◆ YOUR ASSIGNMENT
In the entries below, find the line with "Vienna in the evening" and the line with "Ο Δημήτρης Μελισσανίδης". Return those two lines and all lines between them, exactly.

◆ RECORD EXCERPTS
........

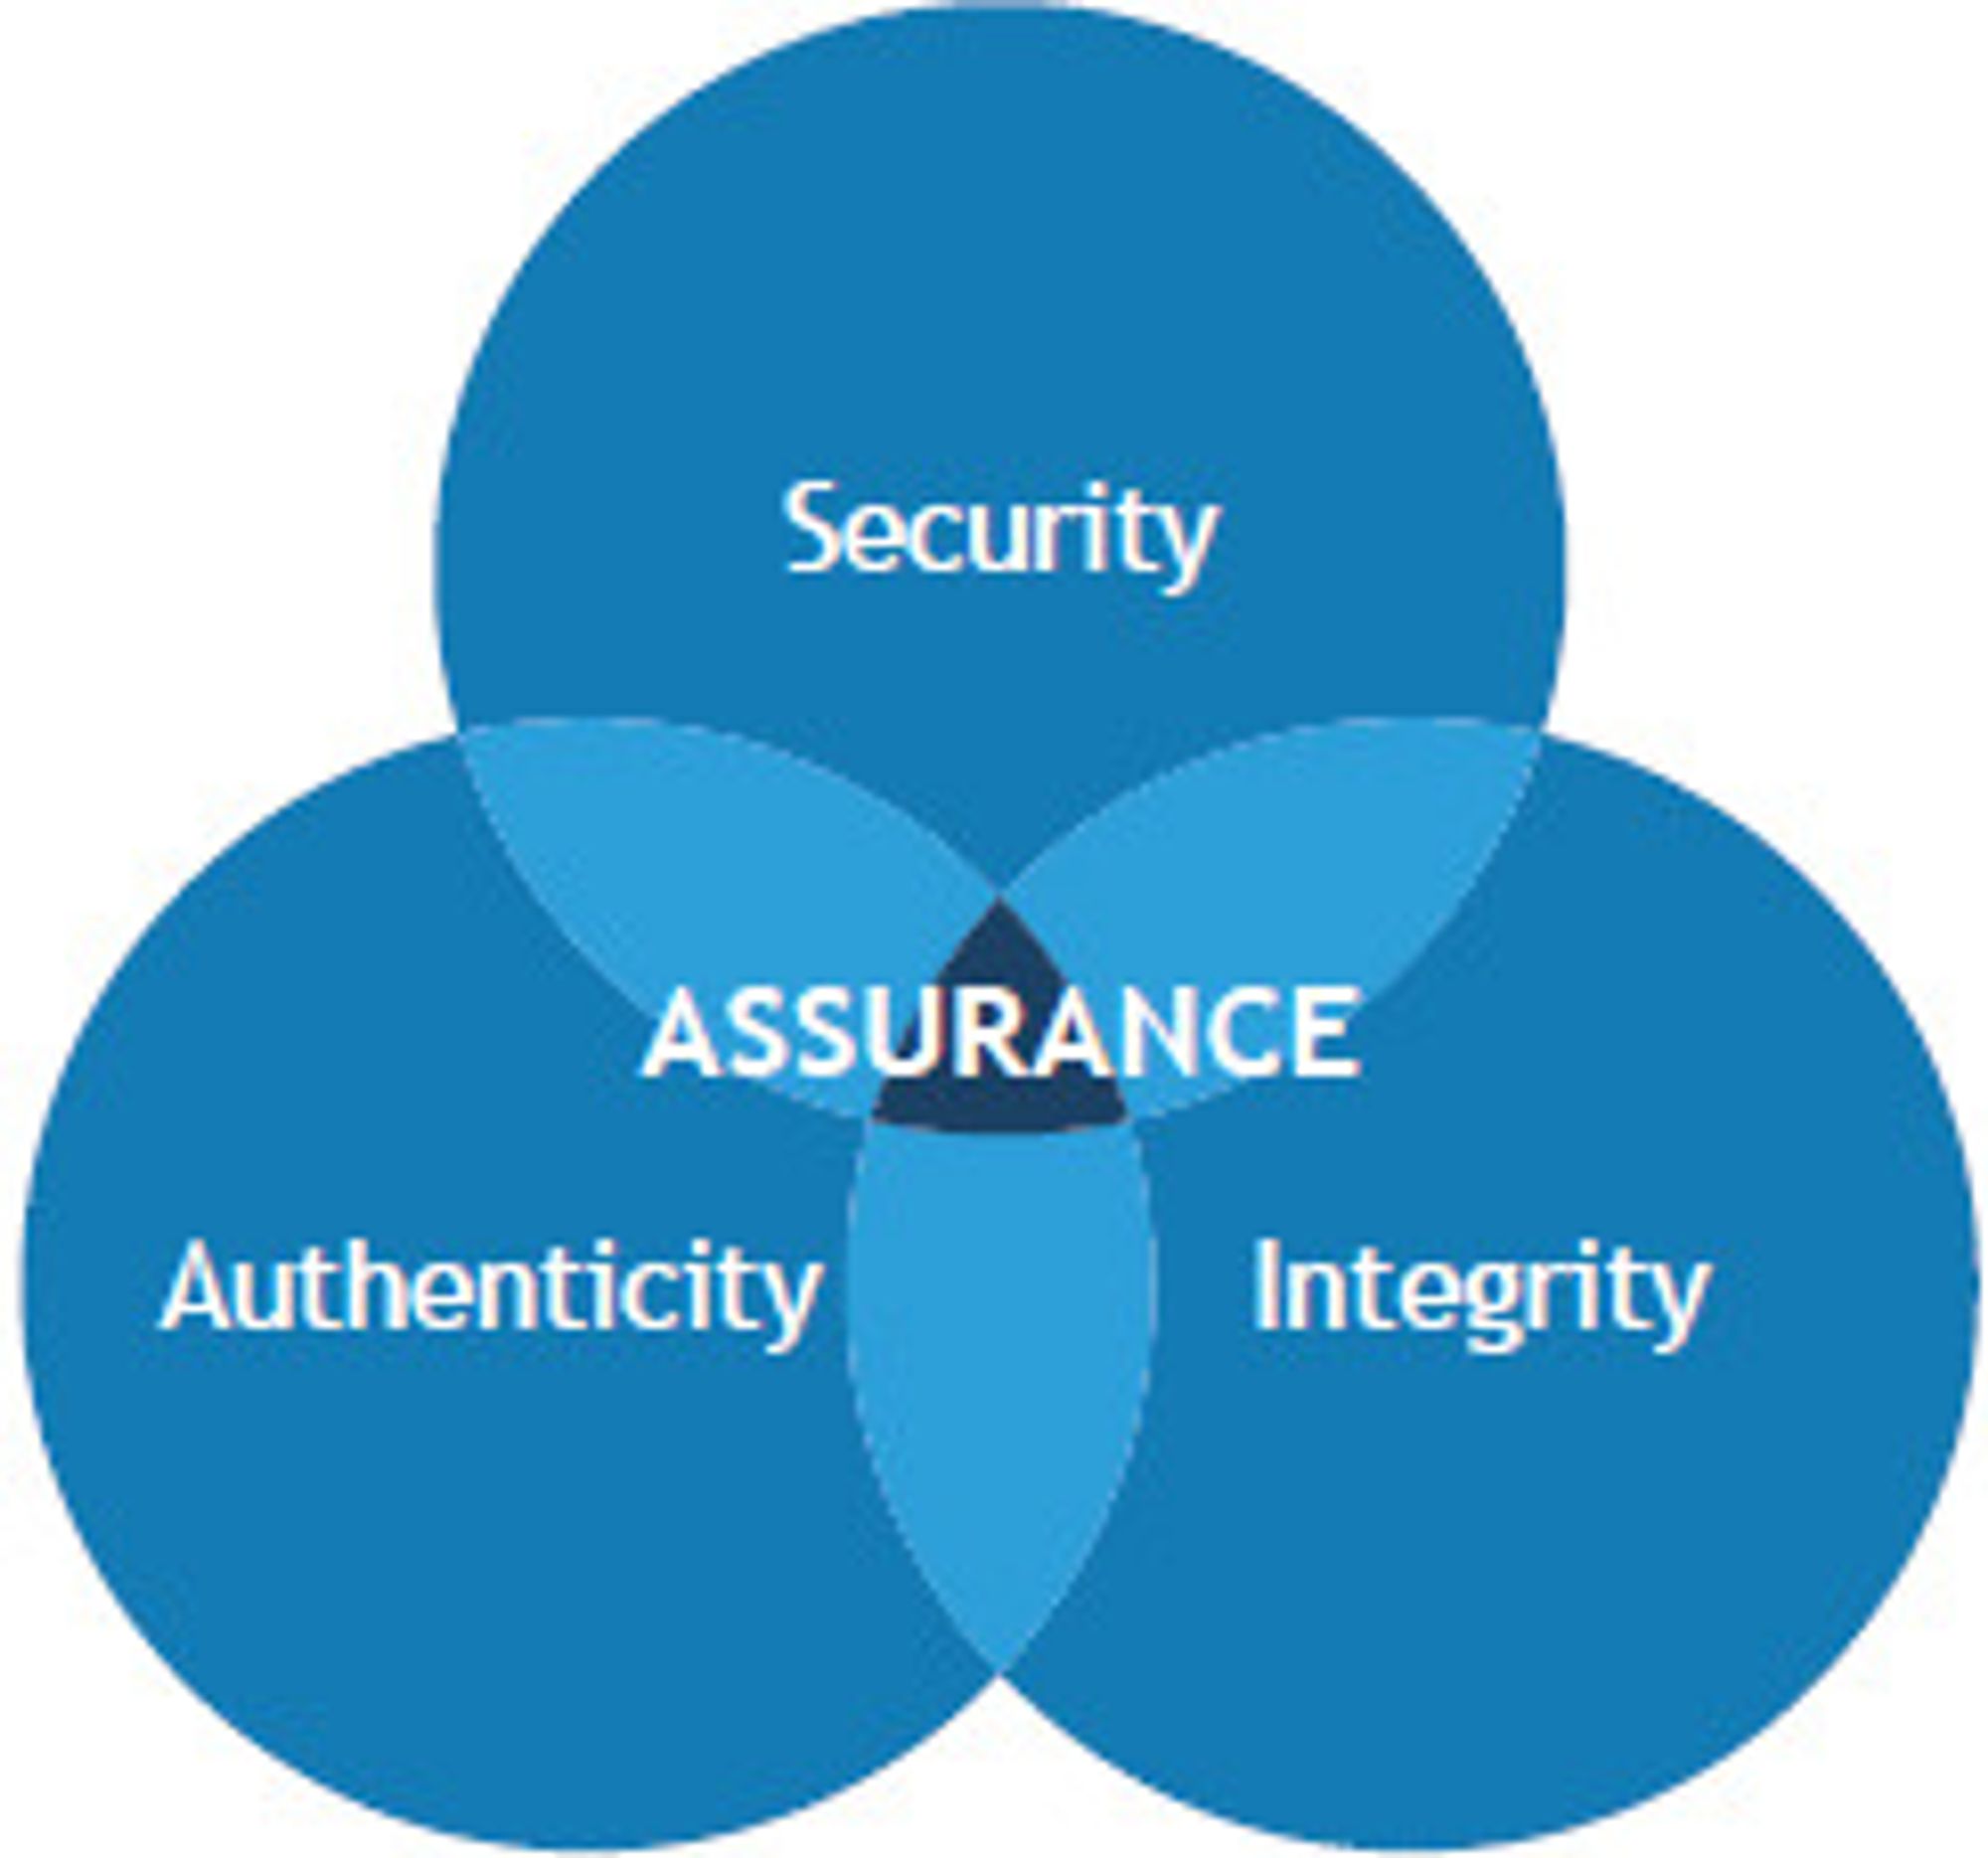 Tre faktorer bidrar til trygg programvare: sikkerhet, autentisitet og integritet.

........

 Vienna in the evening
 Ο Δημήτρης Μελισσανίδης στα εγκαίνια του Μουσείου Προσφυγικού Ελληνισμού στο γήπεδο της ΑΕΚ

........

◆ RESULT BELOW
 Vienna in the evening
 Ο Δημήτρης Μελισσανίδης στα εγκαίνια του Μουσείου Προσφυγικού Ελληνισμού στο γήπεδο της ΑΕΚ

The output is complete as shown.